Флаконы объемом 10 и 20 мл (50) - пачки картонные.
Регистрационный №:
порошок д/пригот. р-ра д/инъекц. 500 мг+250 мг, 1 г+500 мг: фл. 1 и 50 шт. - 2000/114/9 03.04.00
Фармакологическое действие
Комбинированный антибактериальный препарат.
Ампициллин – антибиотик группы полусинтетических пенициллинов. Действует бактерицидно, подавляя синтез клеточных стенок бактерий. Разрушается под действием бета-лактамаз, кислотоустойчив. Активен в отношении грамположительных бактерий: Staphylococcus spp., Streptococcus spp.; грамотрицательных бактерий: Haemophilus influenzae, Haemophilus parainfluenzae, Neisseria meningitidis, Neisseria gonorrhoeae, Escherichia coli, Klebsiella spp.; анаэробных бактерий: Clostridium spp., Peptococcus spp., Peptostreptococcus spp., Bacteroides spp. (в т.ч. Bacteroides fragilis).

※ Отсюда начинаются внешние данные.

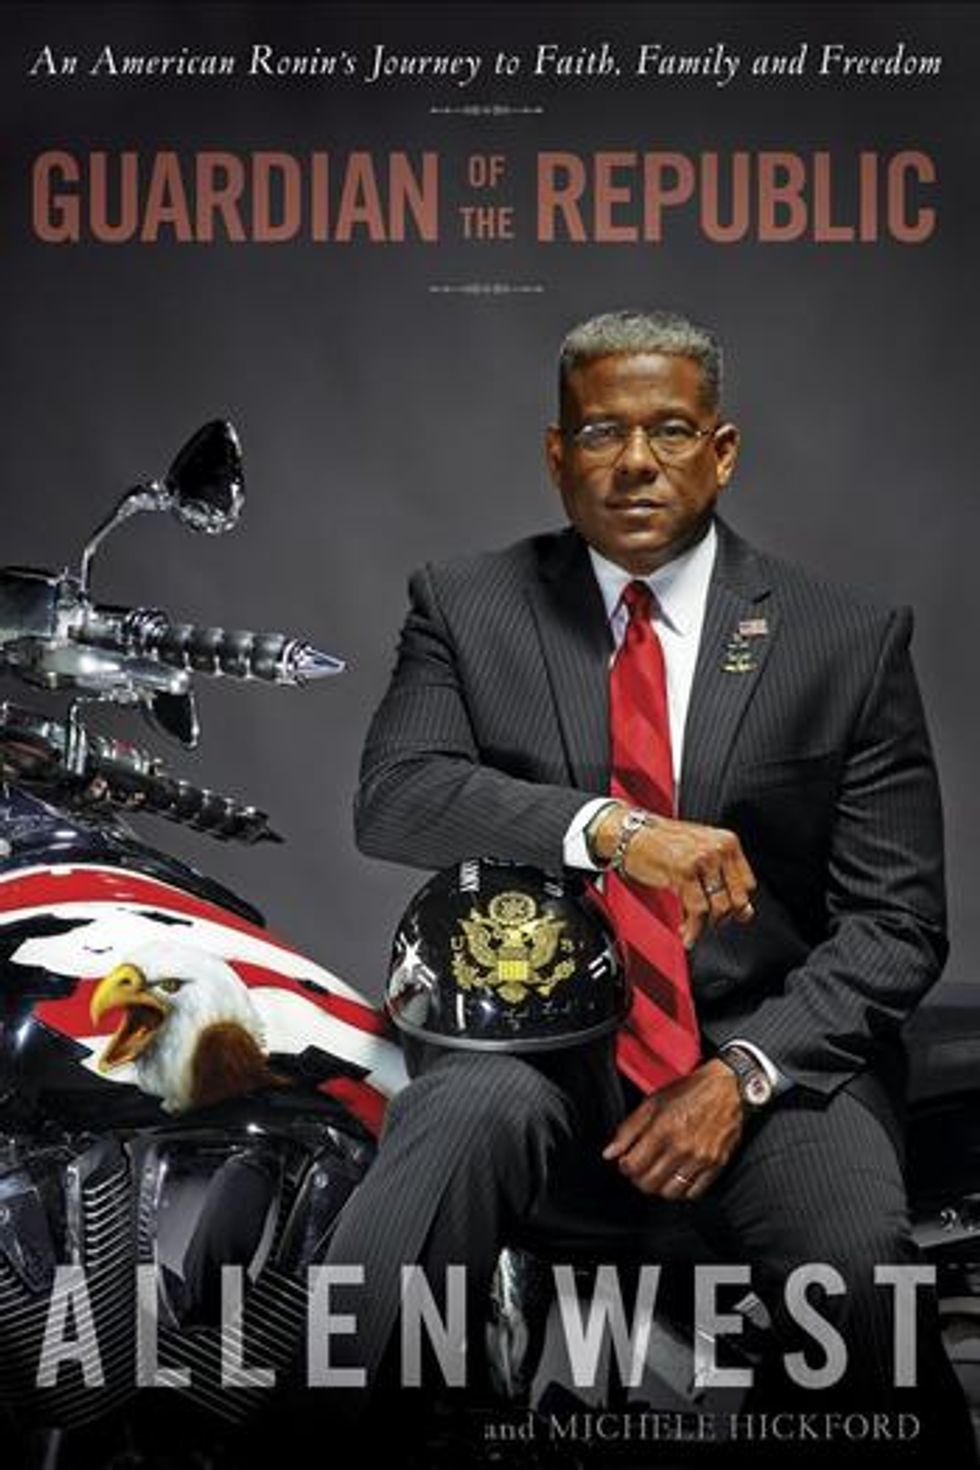 Allen West's 'EPA Is Doing Gun Control' Column Isn't Just Loony, Tin-Foil-Hatty, It's Also Very Plagiarized

Cульбактам ингибирует бета-лактамазы бактерий, благодаря чему ампициллин оказывает действие на штаммы, продуцирующие эти ферменты.
Фармакокинетика
Всасывание и распределение
После парентерального введения терапевтические концентрации ампициллина и сульбактама в крови сохраняются в течение 6-8 ч. Хорошо проникают в ткани и биологические жидкости организма, проходят через плацентарный барьер. При воспаленных менингеальных оболочках обнаруживаются в спинномозговой жидкости. Концентрация активных веществ в перитонеальной и плевральной жидкостях соответствует таковой в крови.
Выведение
T1/2 ампициллина и сульбактама составляет примерно 1 ч, выводятся преимущественно с мочой (75-80%) и частично с желчью.
Показания
– сепсис;
– септический эндокардит;
– менингит;
– острые и хронические инфекции органов дыхания (пневмония, абсцесс легкого, бронхит);
– острые и хронические инфекции ЛОР-органов (отит, синусит);
– острые и хронические инфекции мочевыводящих путей (пиелонефрит, пиелит, цистит);
– острые и хронические инфекции желчевыводящих путей (холецистит, холангит);
– острые и хронические инфекции костей и суставов;
– инфекции кожи и мягких тканей;
– гинекологические инфекции.
Режим дозирования
Сультасин вводят в/м, в/в (струйно или капельно).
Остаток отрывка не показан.